* DATA PROVIDED
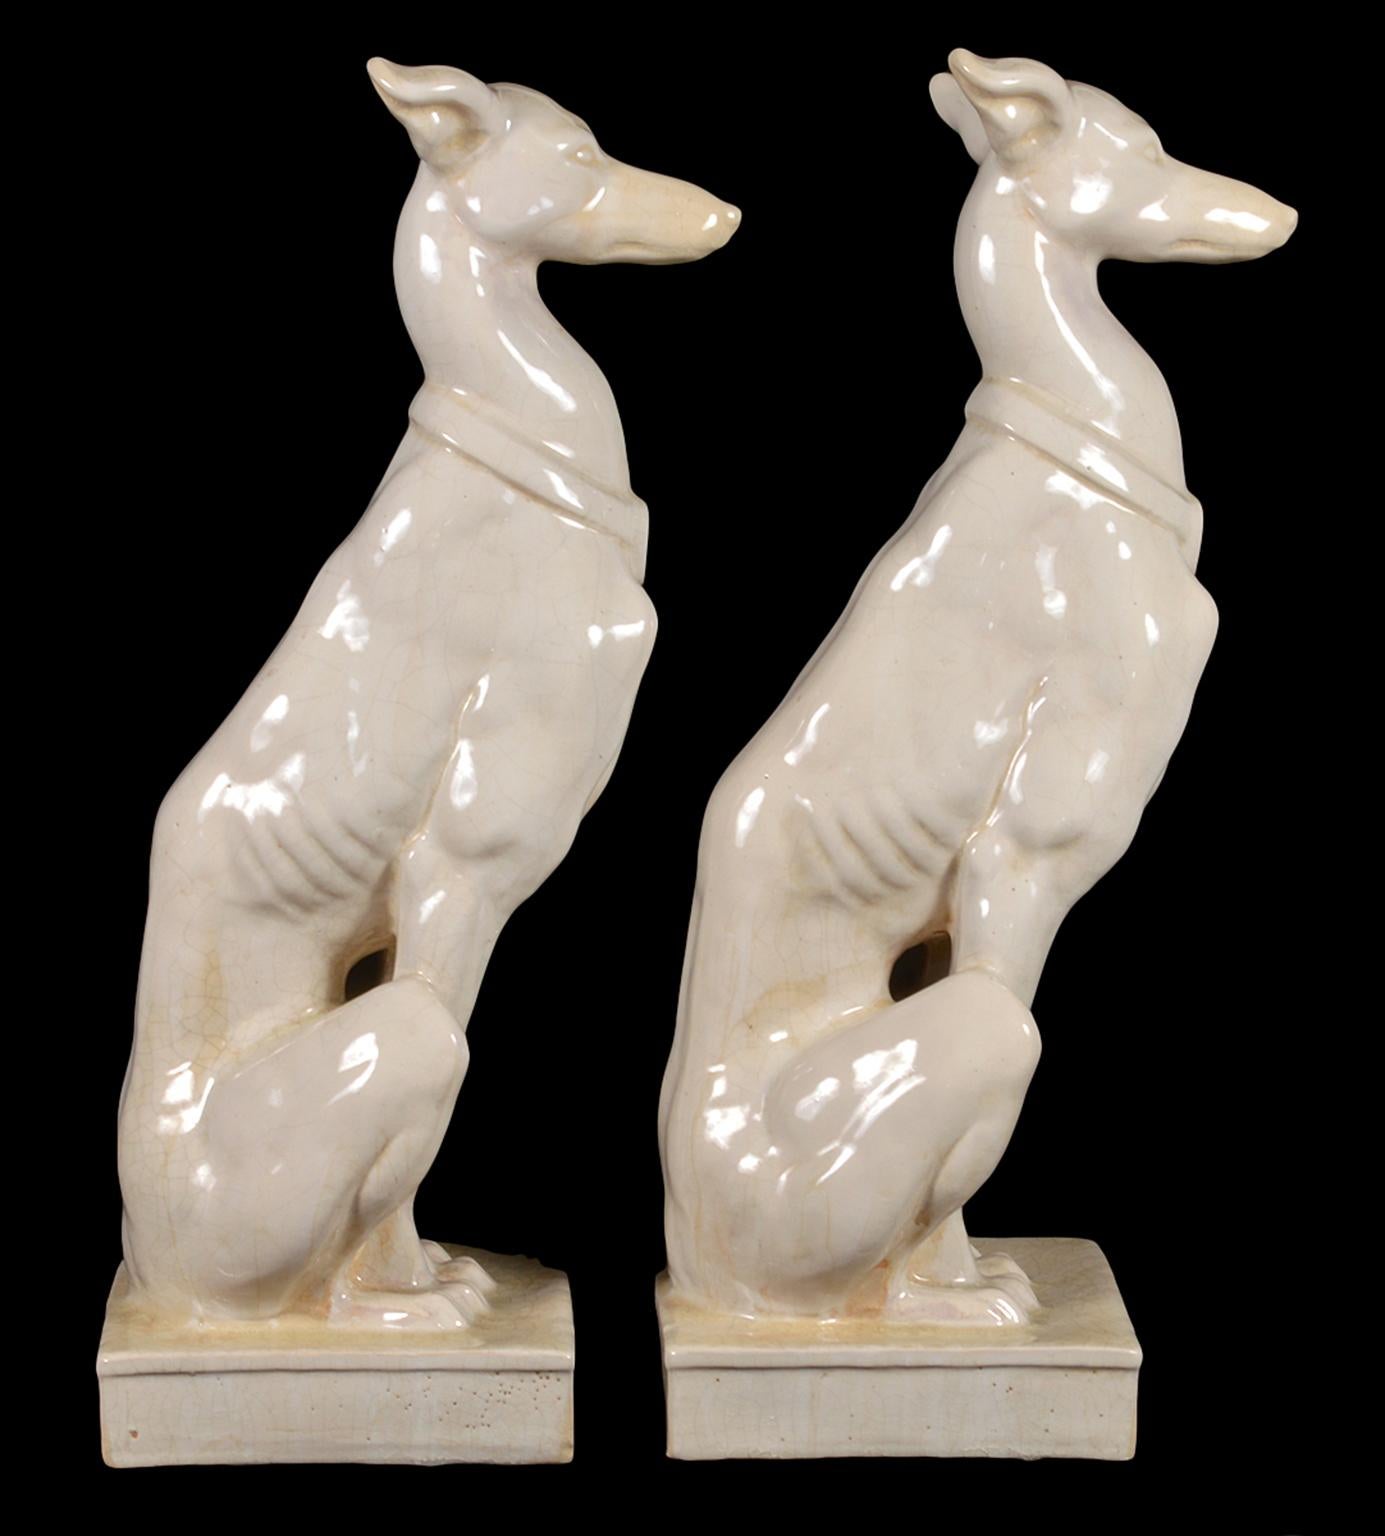 Pair of Vintage Italian Life Size Glazed Terracotta Grayhound Dogs or Whippets 1
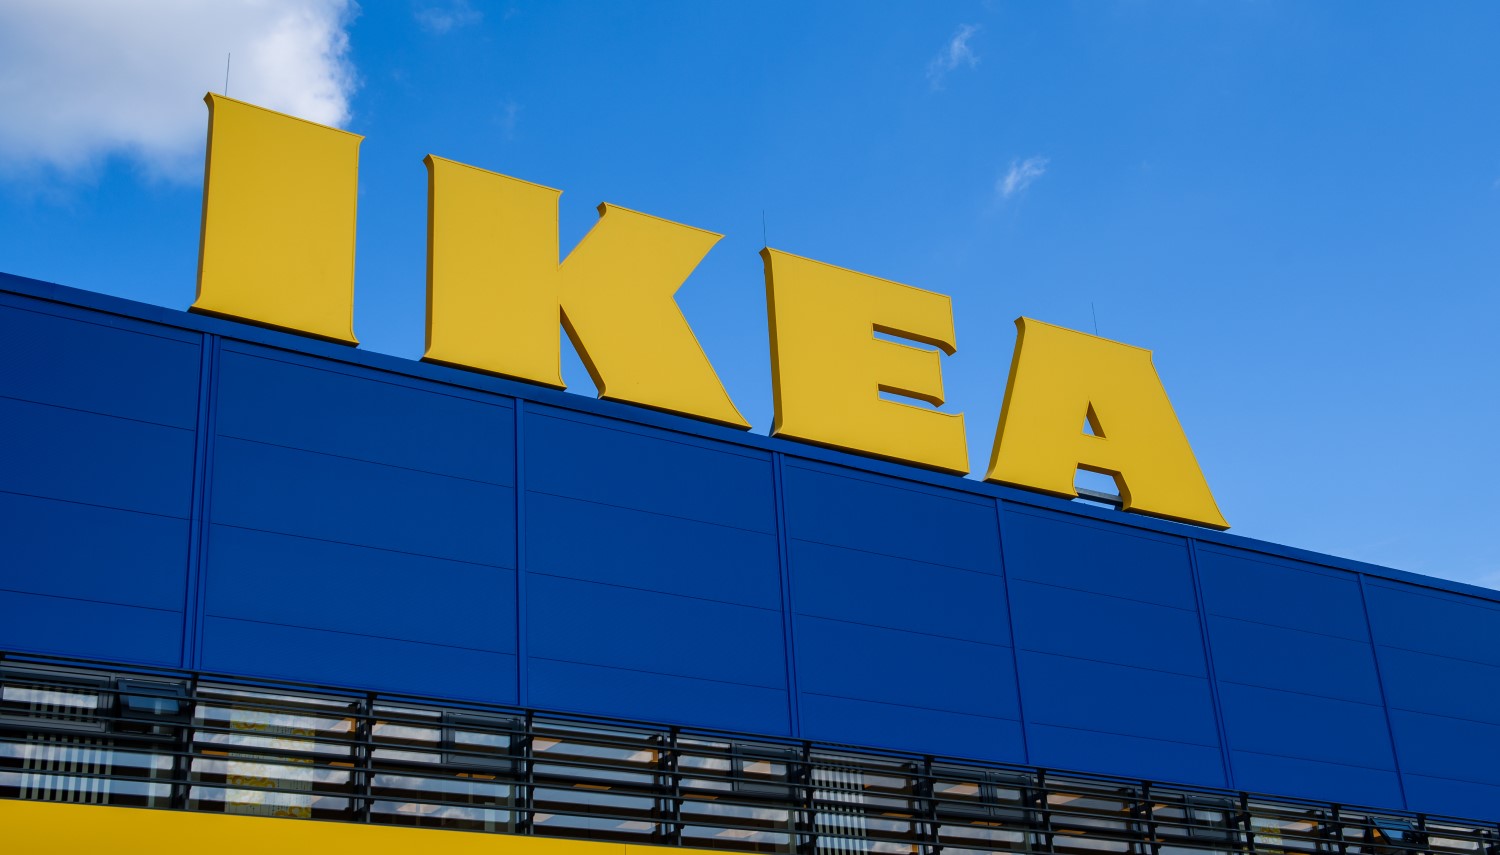 IKEA In ‘World First’ Transaction Using Smart Contracts And Licensed E-Money
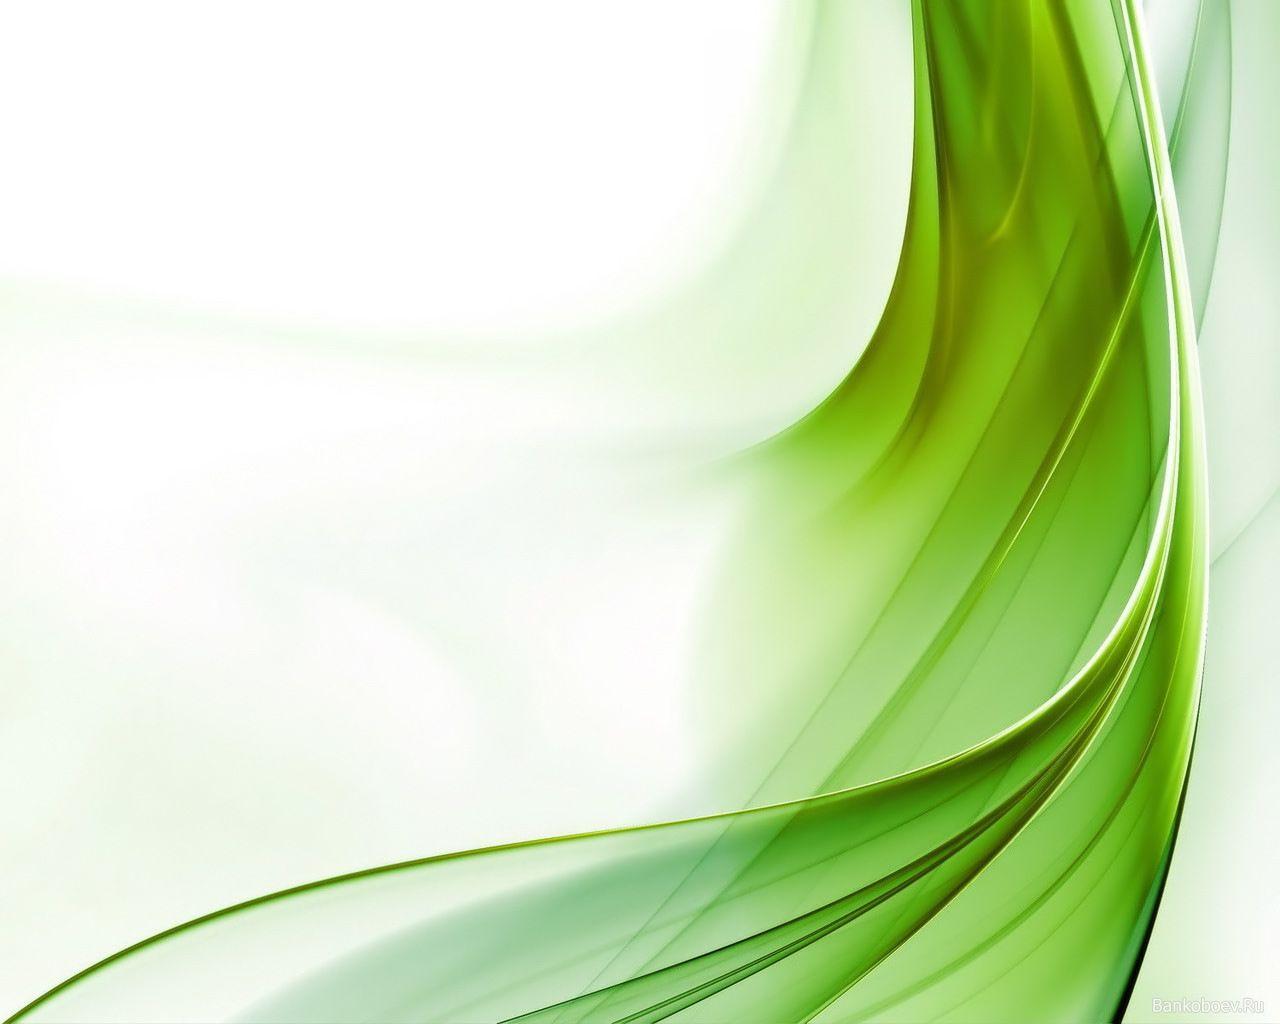 Green wave abstract background for powerpoint. Black
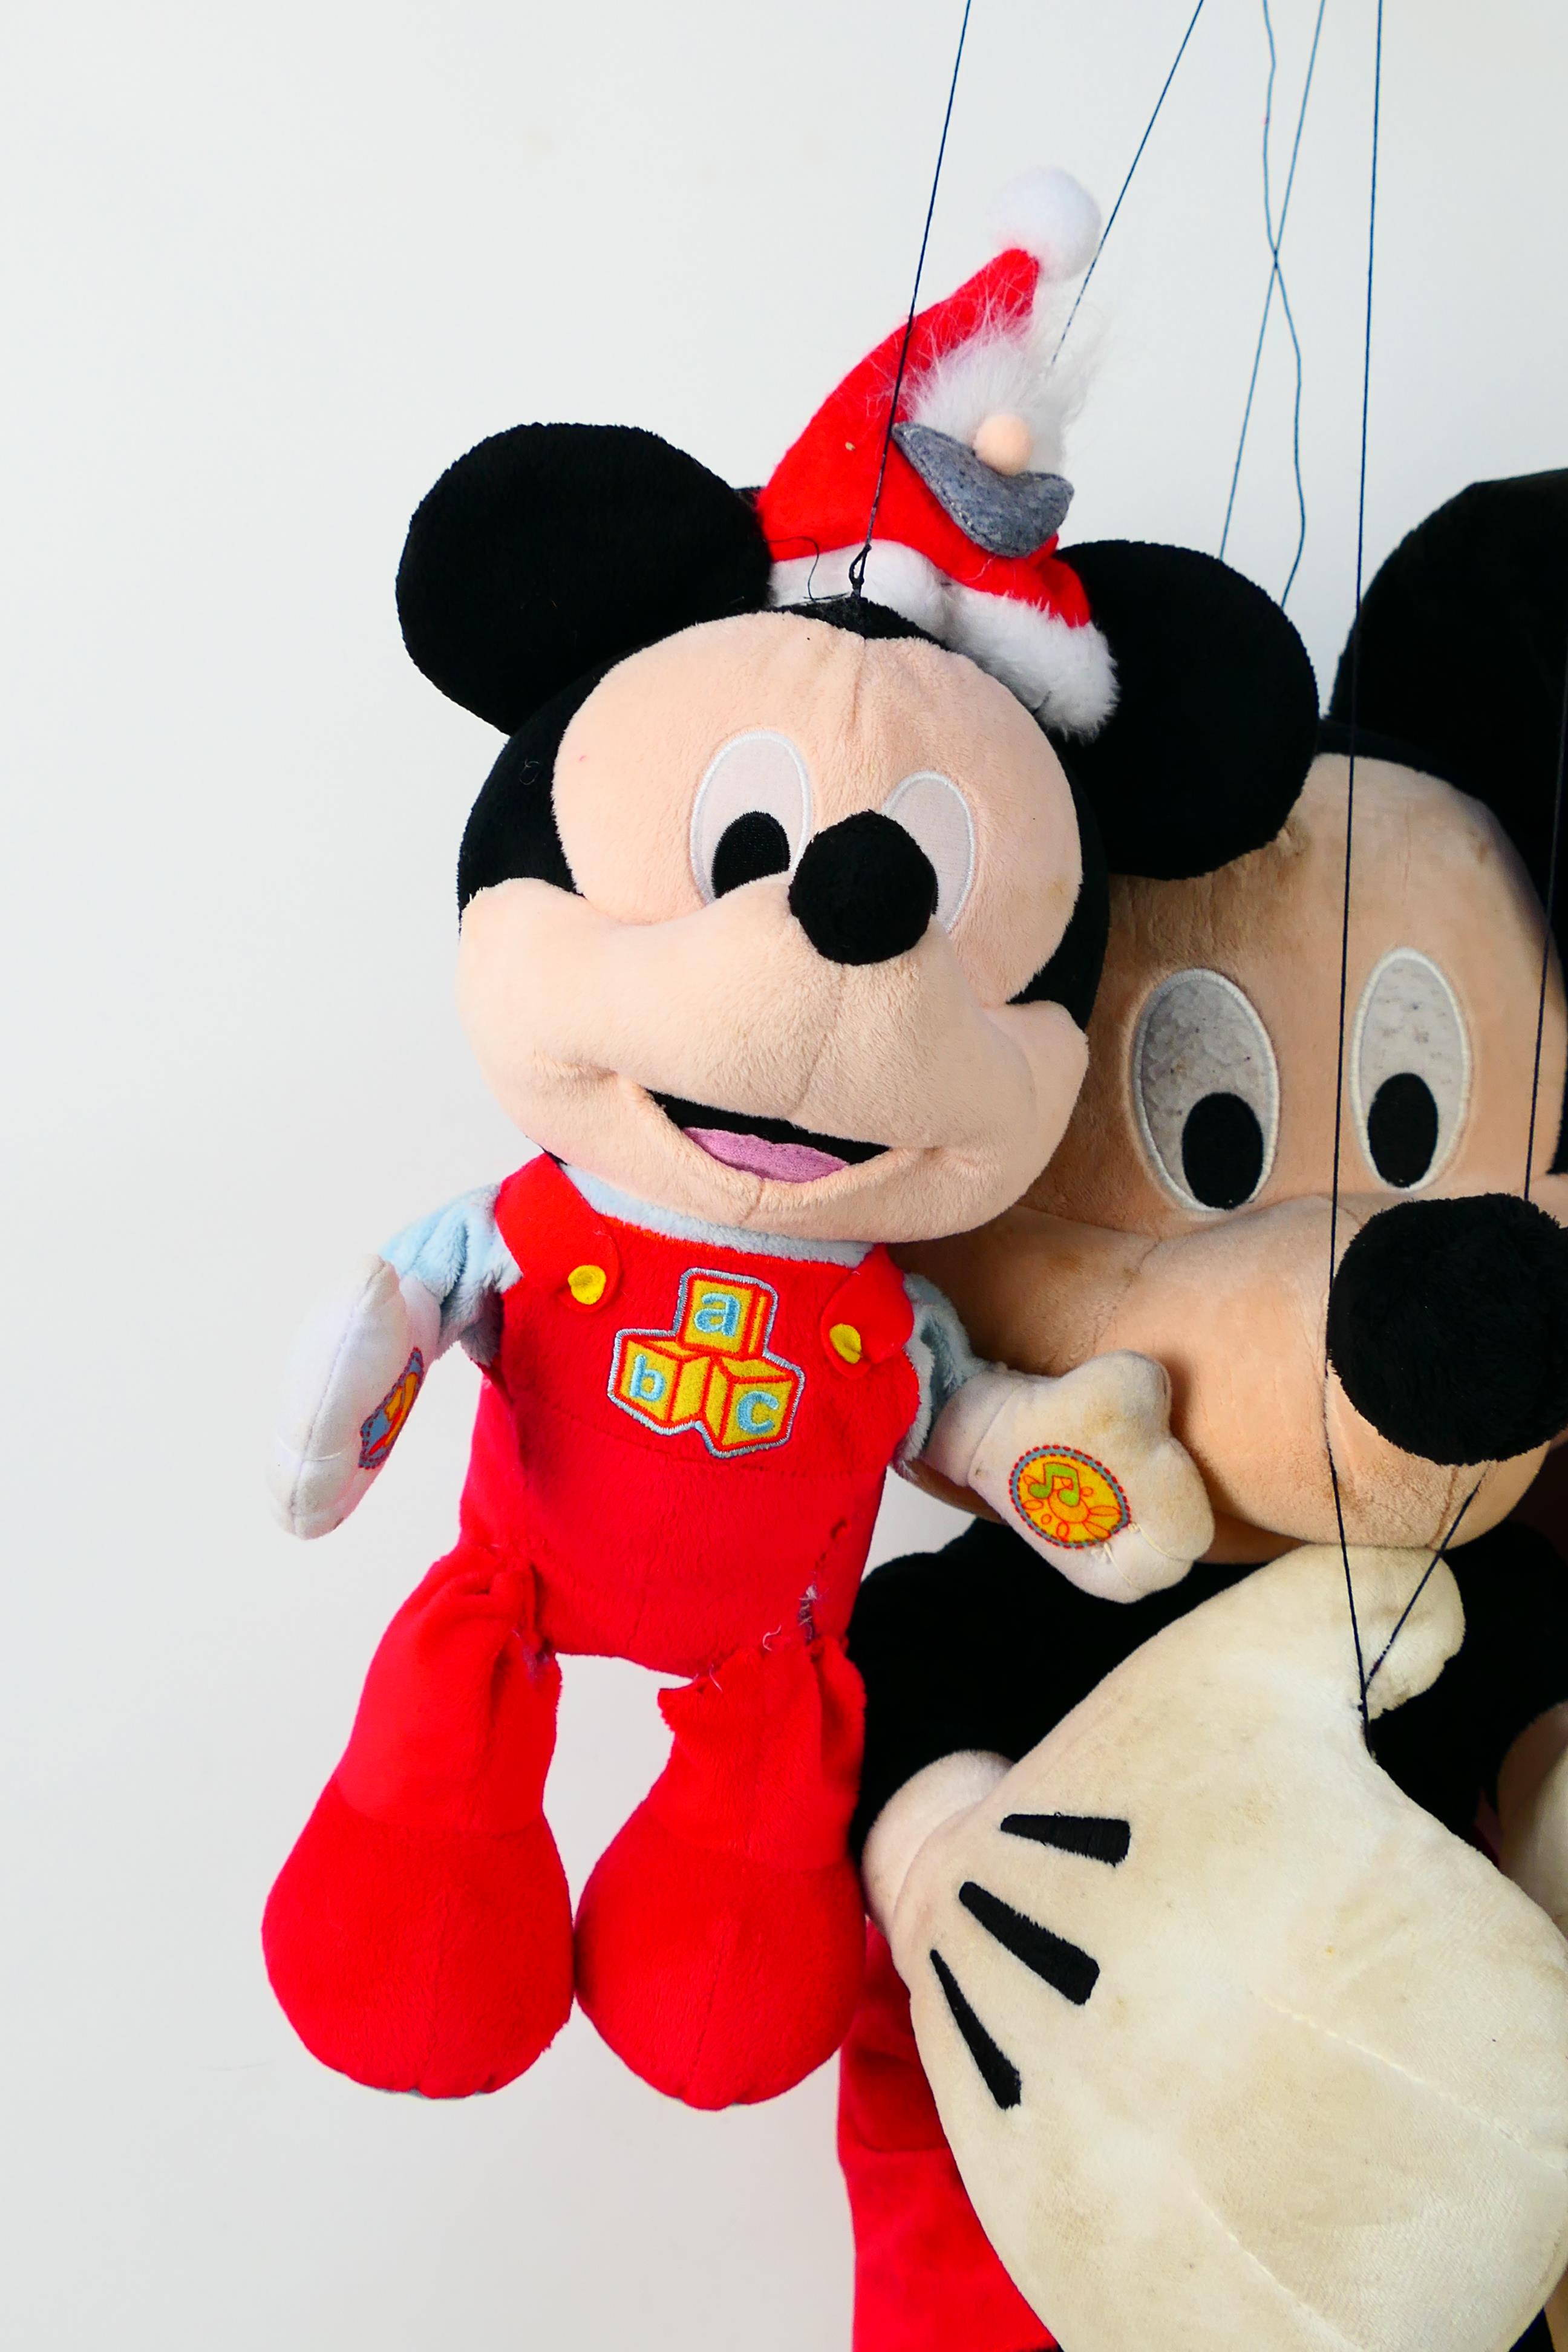 Marionettes - Mickey Mouse - Minnie Mouse. - Image 2 of 5

* ACTIVITY
The response must repeat all the lines above exactly and include no pictures.

* EXERCISE SOLUTION
 Pair of Vintage Italian Life Size Glazed Terracotta Grayhound Dogs or Whippets 1
 IKEA In ‘World First’ Transaction Using Smart Contracts And Licensed E-Money
 Green wave abstract background for powerpoint. Black
 Marionettes - Mickey Mouse - Minnie Mouse. - Image 2 of 5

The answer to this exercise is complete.